Reputation: 256
i am trying to get into data analytics using Spark with Scala. My question is how do i get the triangles in a graph? And i mean not the Triangle Count that comes with graphx, but the actual nodes that consist the triangle.
Suppose we have a graph file, i was able to calculate the triangles in scala, but the same technique does not apply in spark since i have to use RDD operations.
The data i give to the function is a complex List consisting of the src and the List of the destinations of that source; ex. Adj(5, List(1,2,3)), Adj(4, List(9,8,7)), ...

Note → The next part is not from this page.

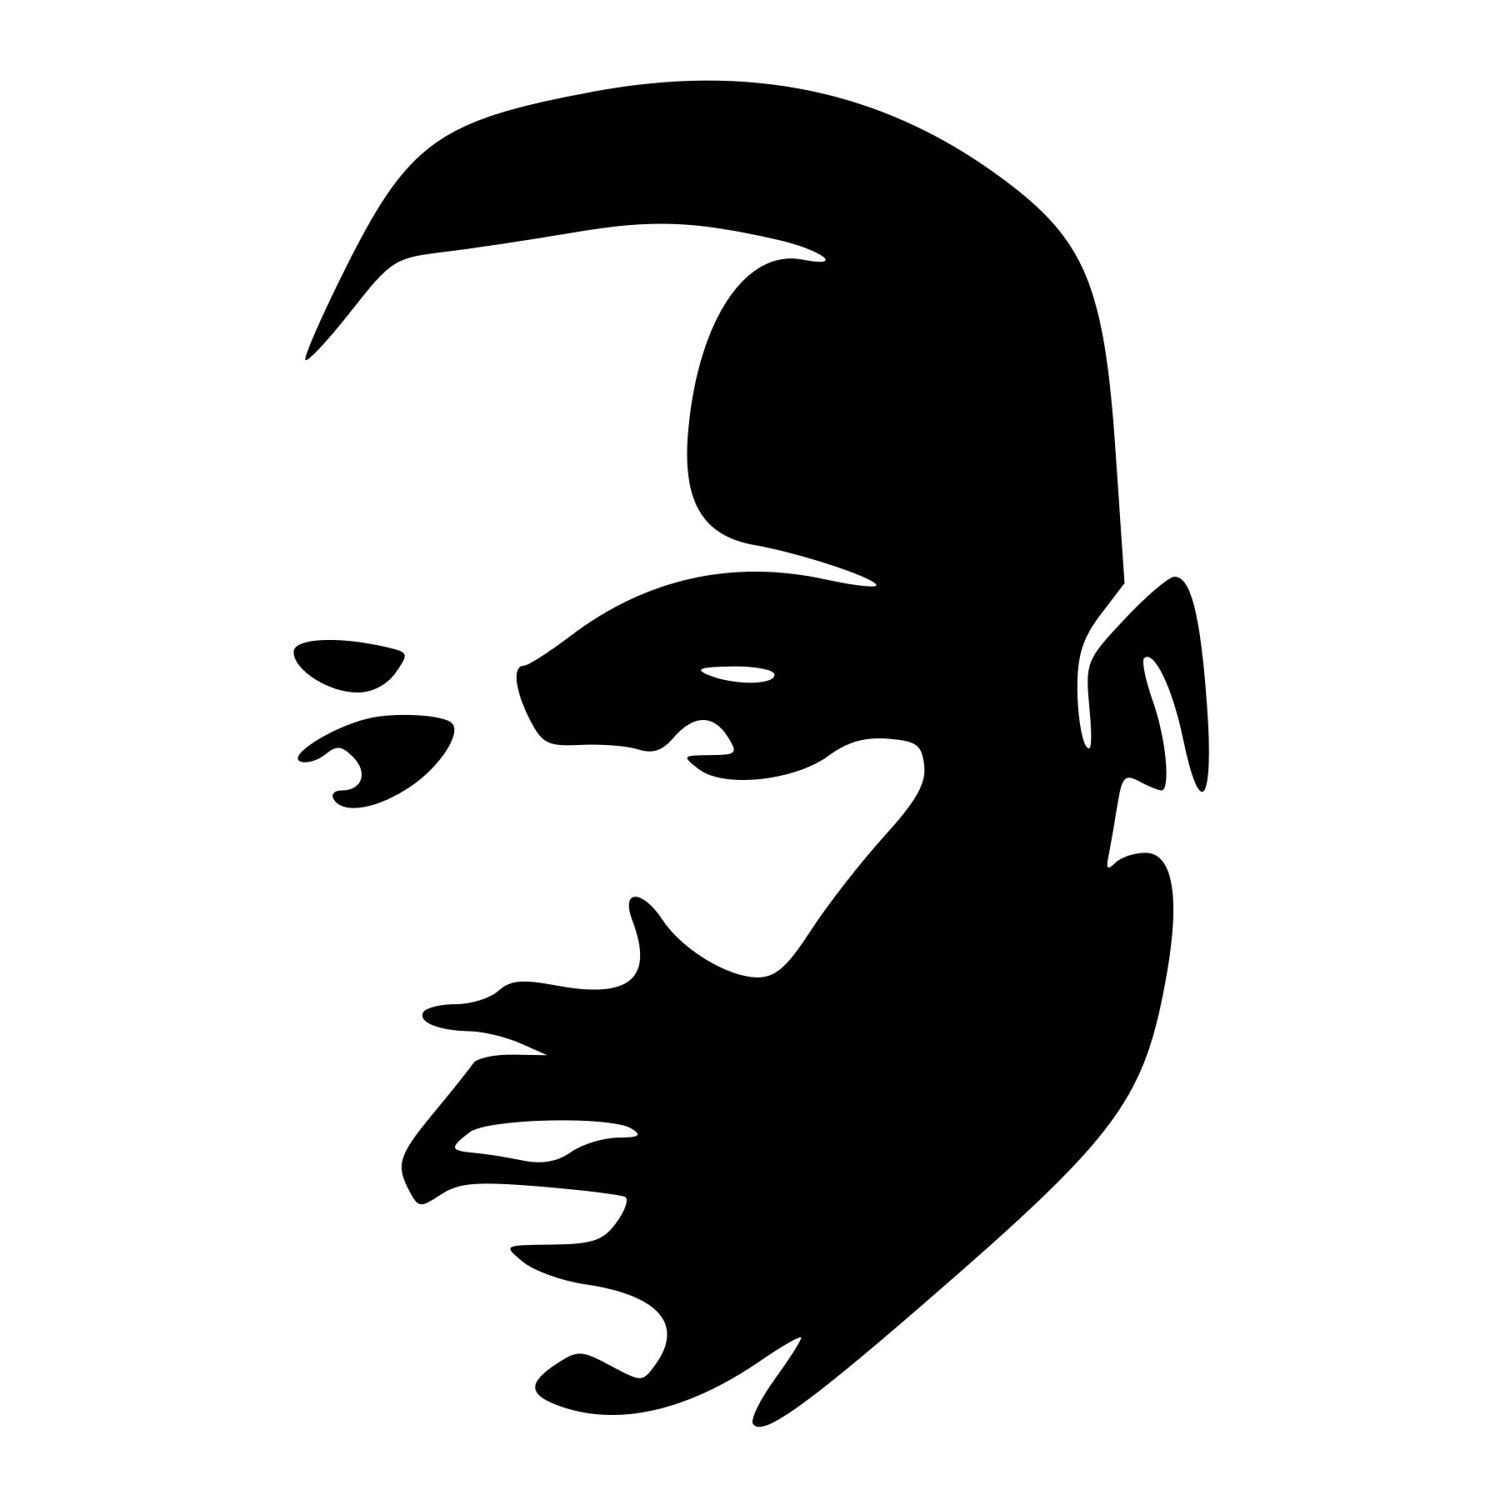 Download Martin Luther King Jr. Die-Cut Decal Car Window Wall Bumper

My scala version is this :
(Paths: List[Adj])
Paths.flatMap(i=> Paths.map(j => Paths.map(k => {
if(i.src != j.src && i.src!= k.src && j.src!=k.src){
if(i.dst.contains(j.src) && j.dst.contains(k.src) && k.dst.contains(i.src)){
println(i.src,j.src,k.src) //3 nodes that make a triangle
}
else{
()
}
}
})))
And the output would be something like:
(1,2,3) (4,5,6) (2,5,6)
In conclusion i want the same output but in spark environment execution. In addition i am looking for a more efficient way to hold the information about Adjacencies like key mapping and then reducing by key or something. As the spark environment needs a quite different way to approach each problem (big data operations) i would be gratefull if you could explain the way of thinking and give me a small briefing about the functions you used.
Thank you.
Upvotes: 1
Views: 257